Recently people reeling from the call from the “You have cancer” diagnosis have contacted me. If I could, I would sit down with them “in human” by the fireplace at my Starbucks and listen to their stories. I wouldn’t give them advice unless they asked me. If they asked me, I would share with them a few thoughts for those newly diagnosed with cancer from the perspective of a cancer survivor:
Dear Bewildered Friend,
I am so sorry you are replaying in your mind the cancer phone call from your doctor. Everyone around you is living life just as always, and here you are sitting with news so heavy, so derailing.
If you are like me, nights are the hardest. After the house quiets down, you lay there alone with your thoughts and fears. And each morning you wake, wondering if all of this is a bad dream.
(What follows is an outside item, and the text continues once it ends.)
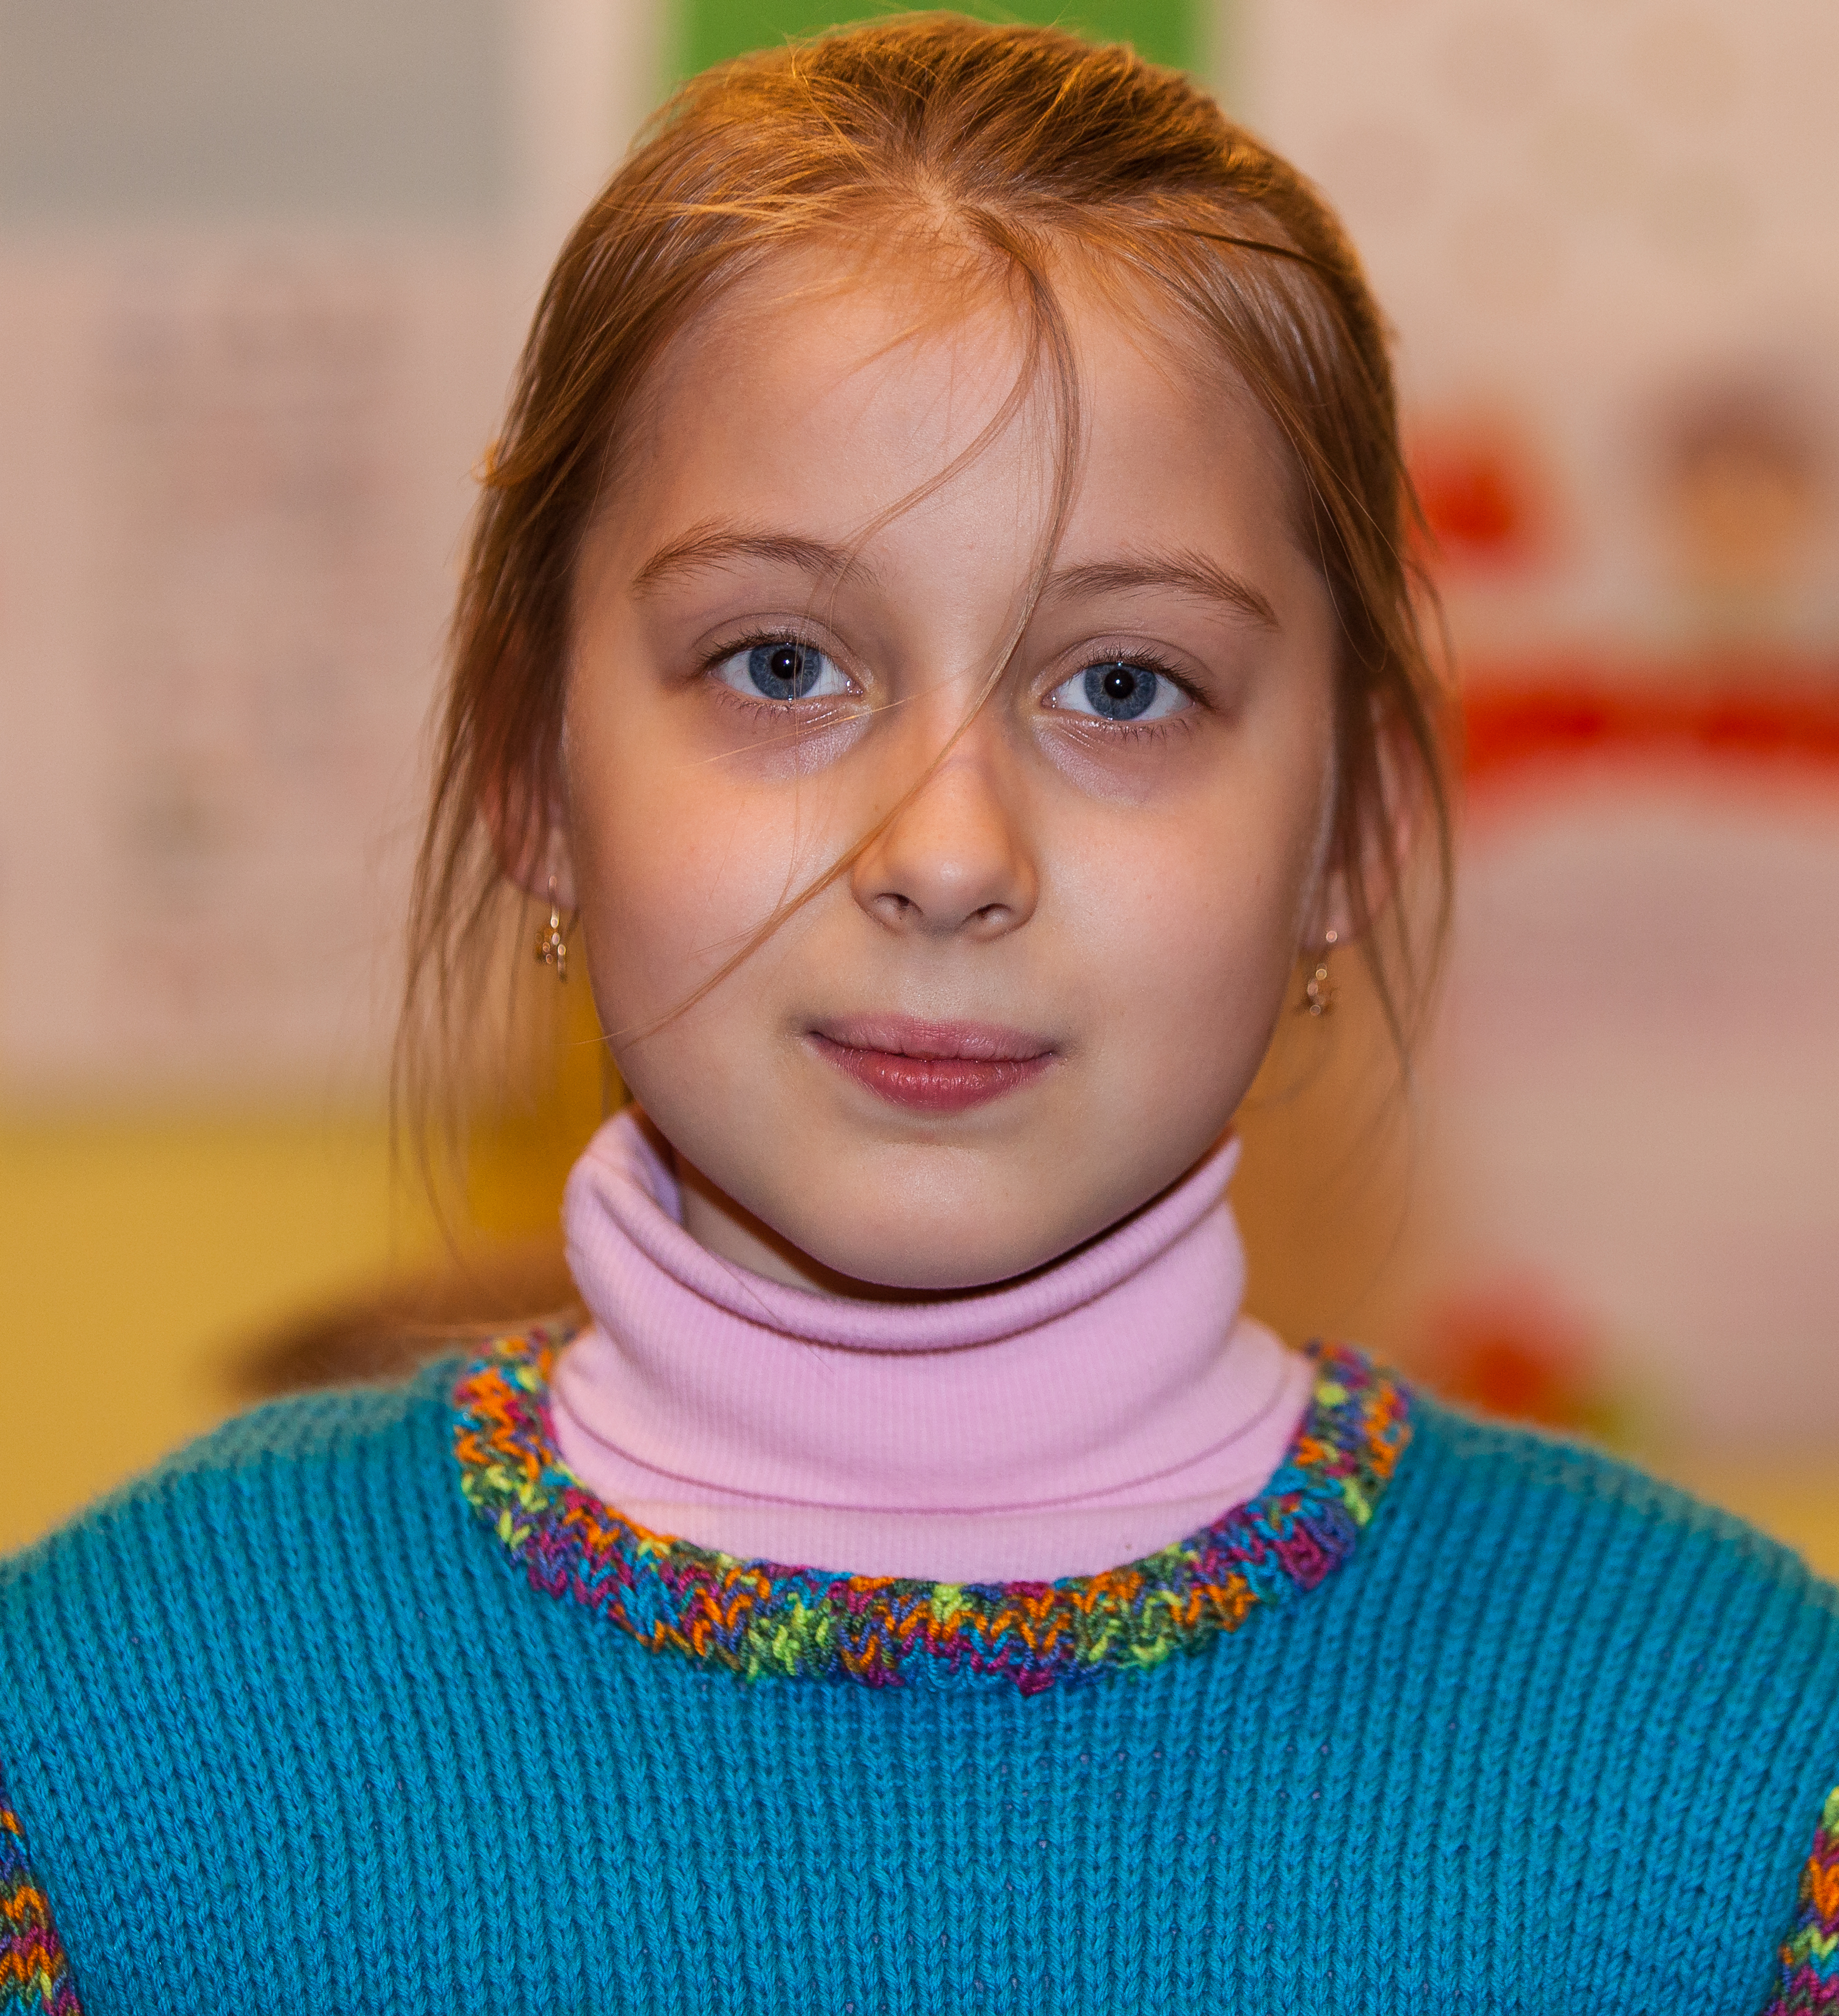 a young Catholic fair-haired pretty girl photographed in March 2014, image 2/6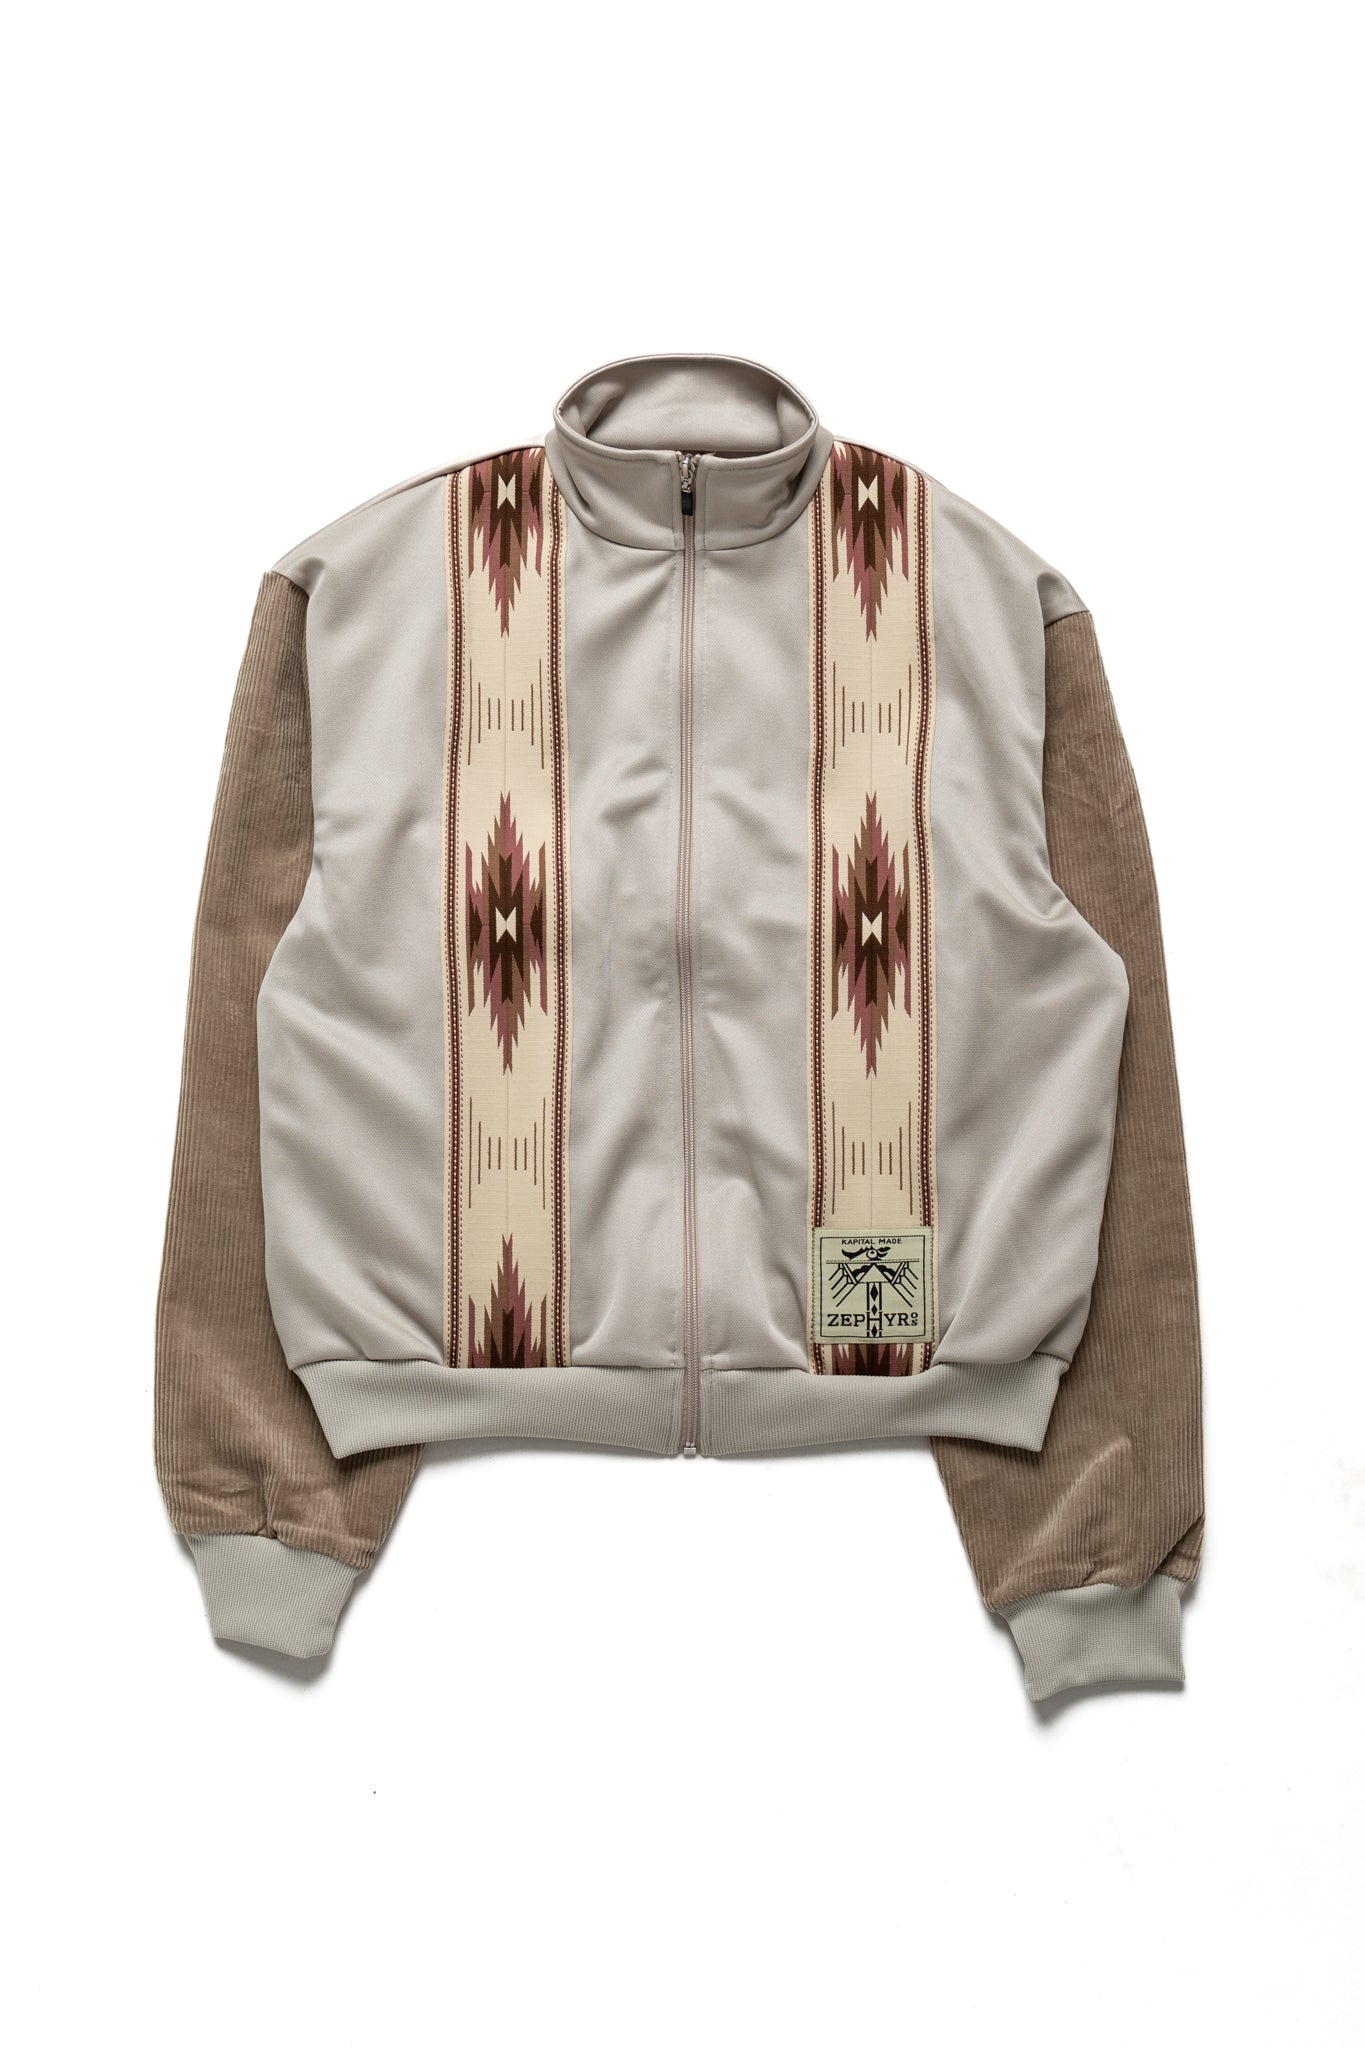 Kapital Beige trucker jacket with an eye -catching Ortega pattern front line. The sleeves are stitched with corduroy fabric in the middle ridge. 100% polyester Sleeve parts: 98% cotton, 2% polyurethane Made in Japan

Once you regain your bearings, you’re faced with the challenge of getting out of bed to face another day. Physically everything looks the same; but now with this devastating diagnosis, nothing is the same.
If you’ve started sharing the news, I imagine your phone is ringing and your e-mail inbox is filling with well-meaning friends and family offering advice on diets, doctors, and blog links and books. If you are like me, you will probably try to read everything, and then hit a wall of information overload. You’ve been abruptly thrust into a new world filled with unfamiliar terms and options, appointments, decisions, all with varying outcomes. It’s hard to sort through all the information to know which steps to take.
These are just a few nuggets of advice from me looking back on my cancer battle. Feel the freedom to apply what you like or disregard them altogether.
- There is no right way to do cancer. Everyone’s cancer journey is different. Yours won’t look like anyone else’s. So give yourself freedom to be on your own path.
- Let other’s in. Chances are those who love you feel incredibly helpless and scared and want to help you in any way they can. Giving them the opportunity to bring a meal, drive you to a chemo appointment, clean your bathroom, or pick up your kids is a way for them to lessen the load for you, and it can be a blessing for them. Let others help so you can have space to heal and physically and emotionally tackle each portion of active treatment. You’ll probably be surprised, though. Some people you thought would be there for you may disappear, and people you didn’t expect may come along to help.
- Find an information hub person. If you’re married, your spouse won’t be able to go anywhere for the next two years without being asked how you are doing. Family and friends will want updates. We stopped answering our home phone. Rather than saying the same thing over and over, consider using an online site like CaringBridge for updates and prayer requests. If you enjoy writing, writing updates on the blog may be a good place to process your journey. If you don’t, ask someone to write updates for you.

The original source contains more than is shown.